W sumie znanych jest 14 erupcji Katli. Wcześniej wulkan wybuchał co 50-80 lat, ale od 1918 roku milczy – w okresie ostatnia erupcja wyrzucił w niebo pięć razy więcej popiołu niż sąsiad Eyjafjallajökull w 2010 roku. Przewidywana dziś erupcja Katli będzie pierwszą od prawie 100 lat. Obecnie Katla emituje od 12 do 24 kiloton dwutlenku węgla dziennie, komory magmowe wulkanu zapełniają się, co wskazuje na zbliżającą się katastrofę i alarmuje ekspertów.

Szczyt aktywności sejsmicznej na Islandii przypada na jesień, która niesie ze sobą największe ryzyko erupcji. Nagromadzenie magmy wewnątrz Katli jest znacznie wzmocnione przez obecność lodowca w jego kraterze - działa to tak samo, jak pokrywa gigantycznego szybkowaru.
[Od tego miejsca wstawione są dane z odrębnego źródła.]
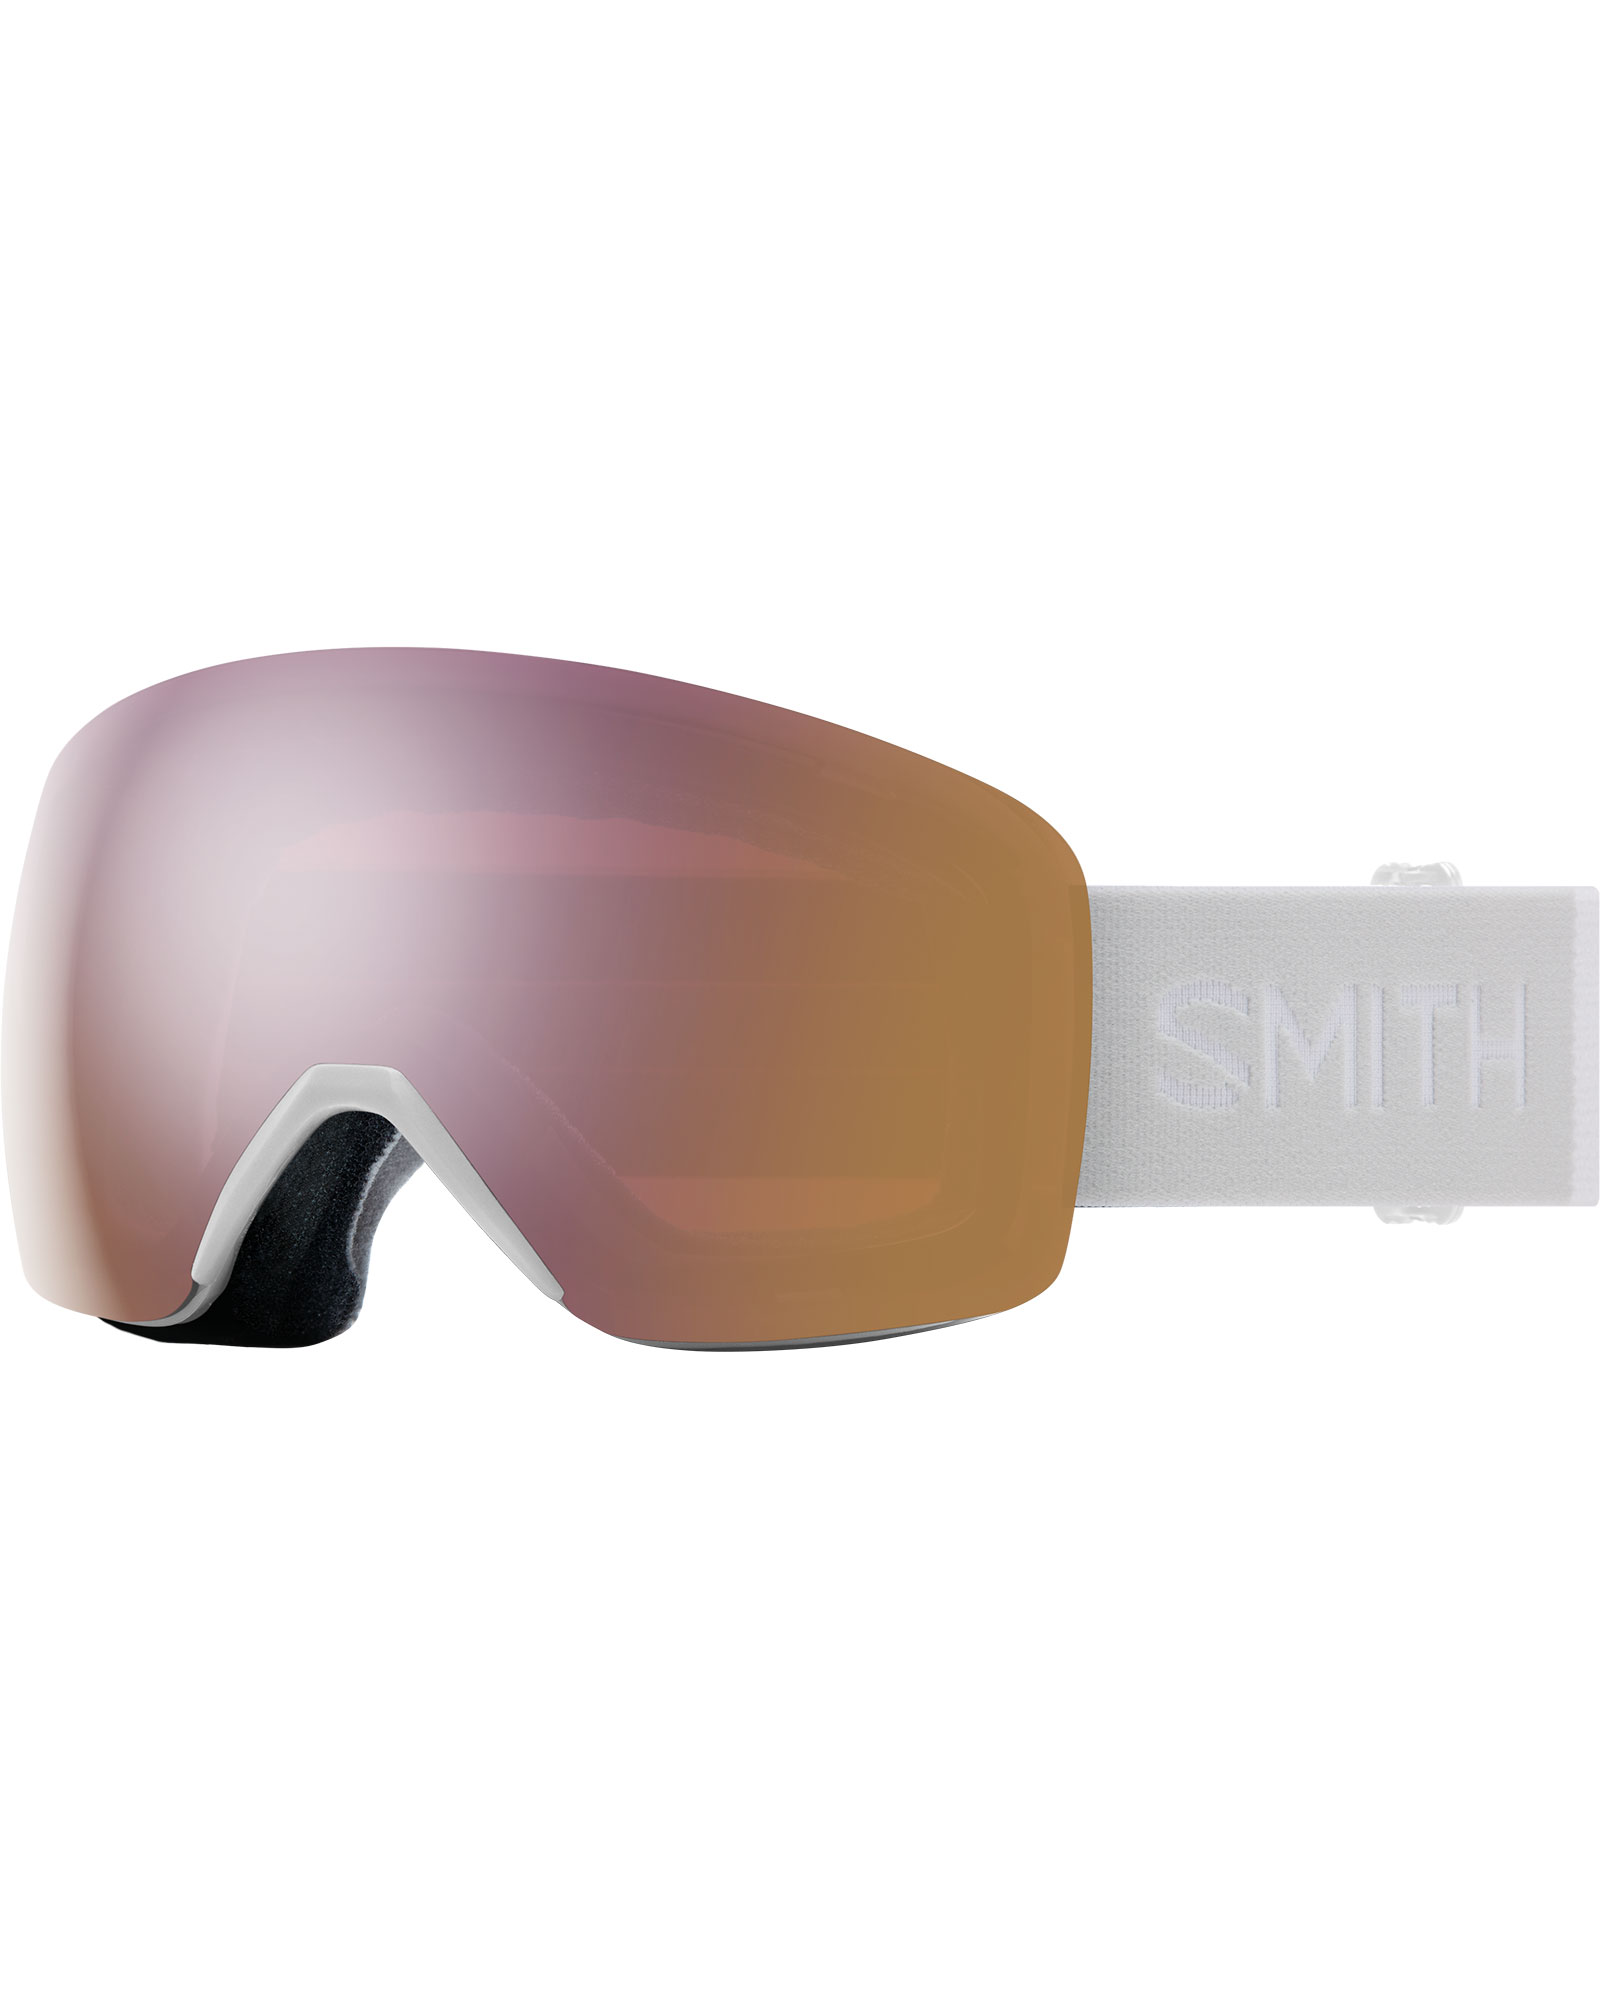 Smith Women's Skyline White Vapor / ChromaPop Everyday Rose Gold Mirror Goggles 2020 / 2021 0

Fakt, że wulkan jest ukryty pod lodowcami również znacznie utrudnia monitorowanie jego aktywności.

Katla jest daleko od głównych osad Islandii, a erupcja nie grozi lokalni mieszkańcy. Jednym z głównych zagrożeń jest to, że aktywność wulkaniczna Katli może spowodować potężne topnienie pobliskich lodowców i zalanie sąsiednich obszarów wodą z roztopów.

Islandczycy mają legendę o Katli, która sięga ponad ośmiu wieków. Według legendy Katla to imię porywczej i okrutnej gospodyni z miejscowego klasztoru, która posiadała nadprzyrodzone moce. Pewnego razu, gdy została oskarżona o czary, „zła wiedźma” uciekła i skoczyła do lodowca Mýrdalsjökull (który znajduje się nad wulkanem). Rozpoczęła się erupcja, która zniszczyła klasztor i zabiła wszystkich jego mieszkańców. Legenda ostrzega, że ​​pewnego dnia Katla powróci, by się zemścić.